Review by Camden Ferrell
Doors is a science fiction film from directors Jeff Desom, Saman Kesh, and Dugan O’Neal. It is a movie that explores mysterious concepts and tackle the question of our existence in the universe. While it’s a very interesting movie in concept, the movie fails to truly develop any of its segments into something meaningful.
Millions of “doors” start to appear all over the Earth. They are mysterious and clearly not of our world. Many who have had contact with the doors disappear, so people must learn about the nature of these doors. The movie is told in various segments. One follows a group of high schoolers who discover a door, another follows a group of volunteers who venture into a door, and one follows a man trying to establish contact with a door.
The segments all have very interesting concepts that benefit from its mystery. However, the movie is just far too short to properly flesh out any of these individual stories. We never really learn the true nature of the doors. This is somewhat intentional, but it fails to invest us into these entities, and it doesn’t say much about our existence and the presence of other sentient life.
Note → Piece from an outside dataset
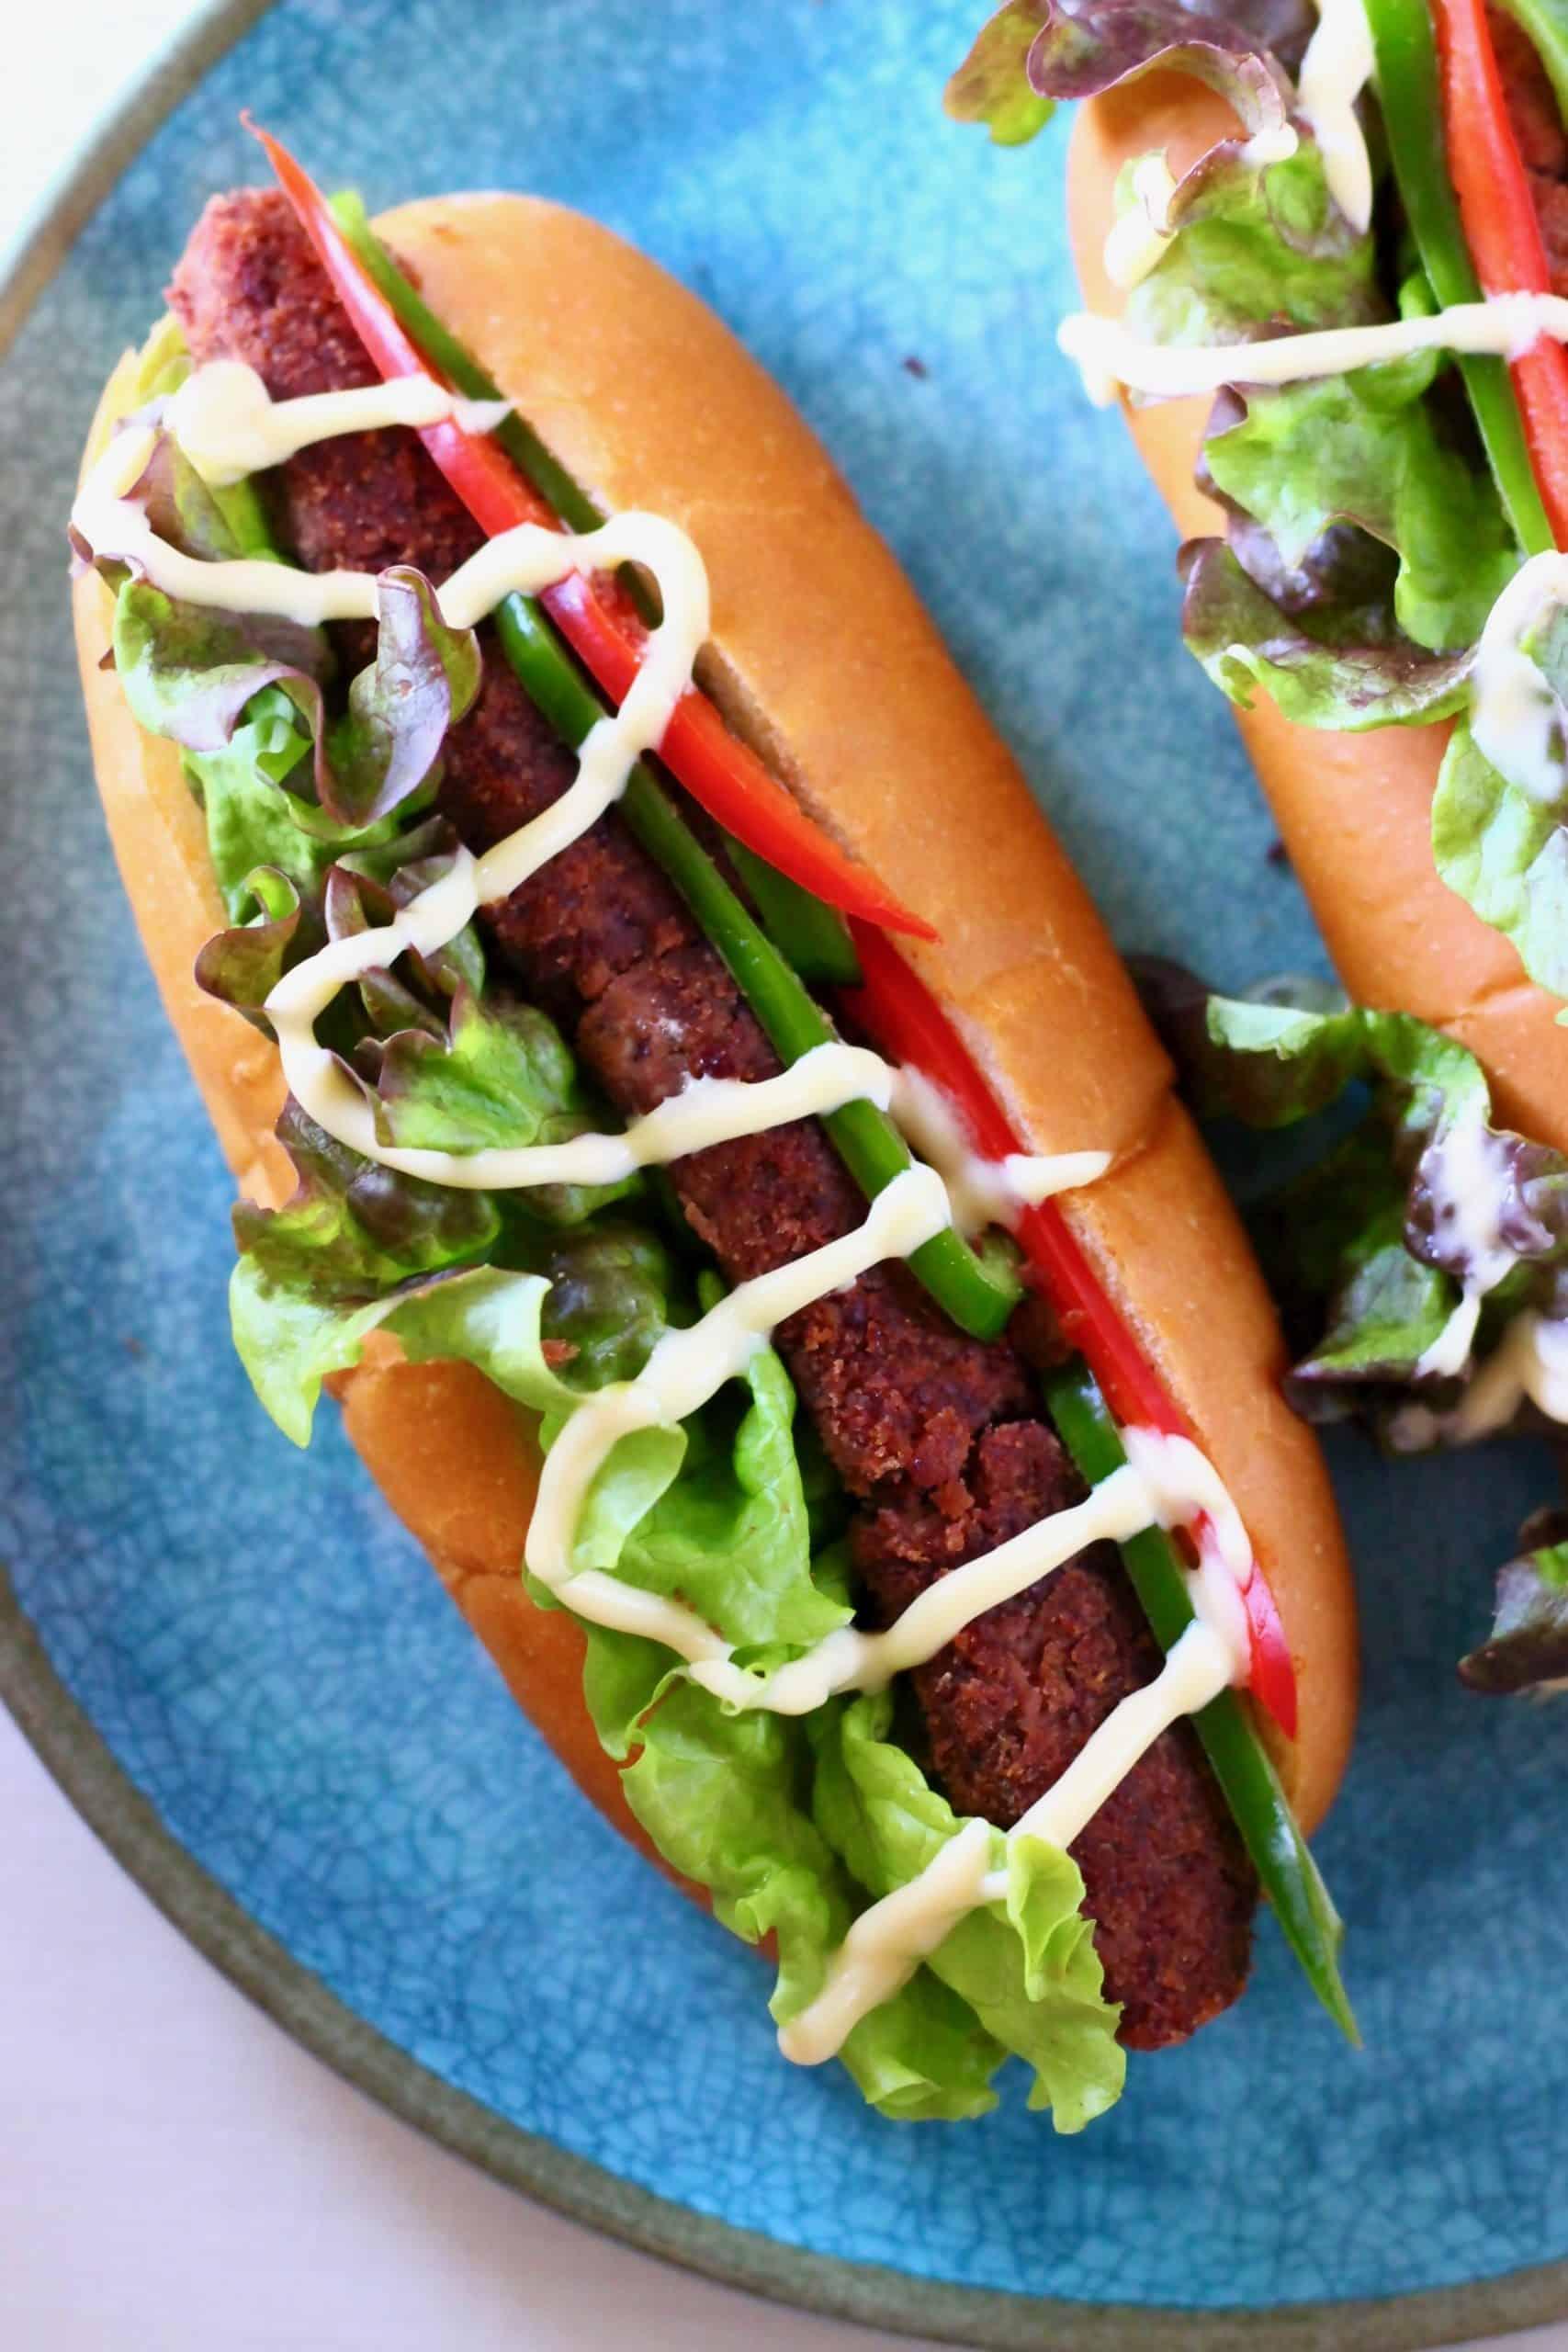 Vegan chorizo hot dogs in hot dog buns with salad and mayonnaise

The acting is fairly decent throughout. Rory Anne Dahl, Julianne Collins, Aric Floyd, and Kathy Khanh play the high schoolers and even though their chemistry isn’t entirely there, they each give some adequate performances in their segment. However, the best performance comes from Josh Peck. His demeanor is somewhat flawed, but he is able to inject the film with some energy and personality.
Out of all the segments, the high school segment, titled Lockdown, is the strongest. Directed by Jeff Desom, this is the most tense and well-executed part of the film. It builds off of the mystery and uncertainty of what’s going on in the world, and it frames it through the eyes of children, locked in a school while all hell is breaking loose. It’s not perfect, but it has some very strong aspects working in its favor.
The film is under 90 minutes, so every segment ends before anything of substance can occur. For example, the Knockers story with Josh Peck could have warranted another thirty minutes, but it ends before it can explore any meaningful themes of the film. Similar things can be said of the rest of the film. It’s a few pushes away from being a great film. It had the premise and the set pieces, but it sold itself short on its own narrative.
It’s a heavily flawed film that feels inconsistent due to the various directors, but there are still some commendable aspects. The cinematography in the Knockers segment and Lamaj segment is fantastic. Starr Whitesides worked on the Knockers segment which utilizes light and space in a very compelling way. Todd Banhazi worked on the Lamaj segment that used a dull palate to frame its subjects and still tell an interesting visual story.
Doors is incredibly imperfect and works better as a group of ideas rather than a feature length film. It suffers from some tonal inconsistencies and an underdeveloped story. It has some redeeming qualities, but not enough to compensate for its squandered potential.
Doors is in select theaters March 19 and on VOD March 23.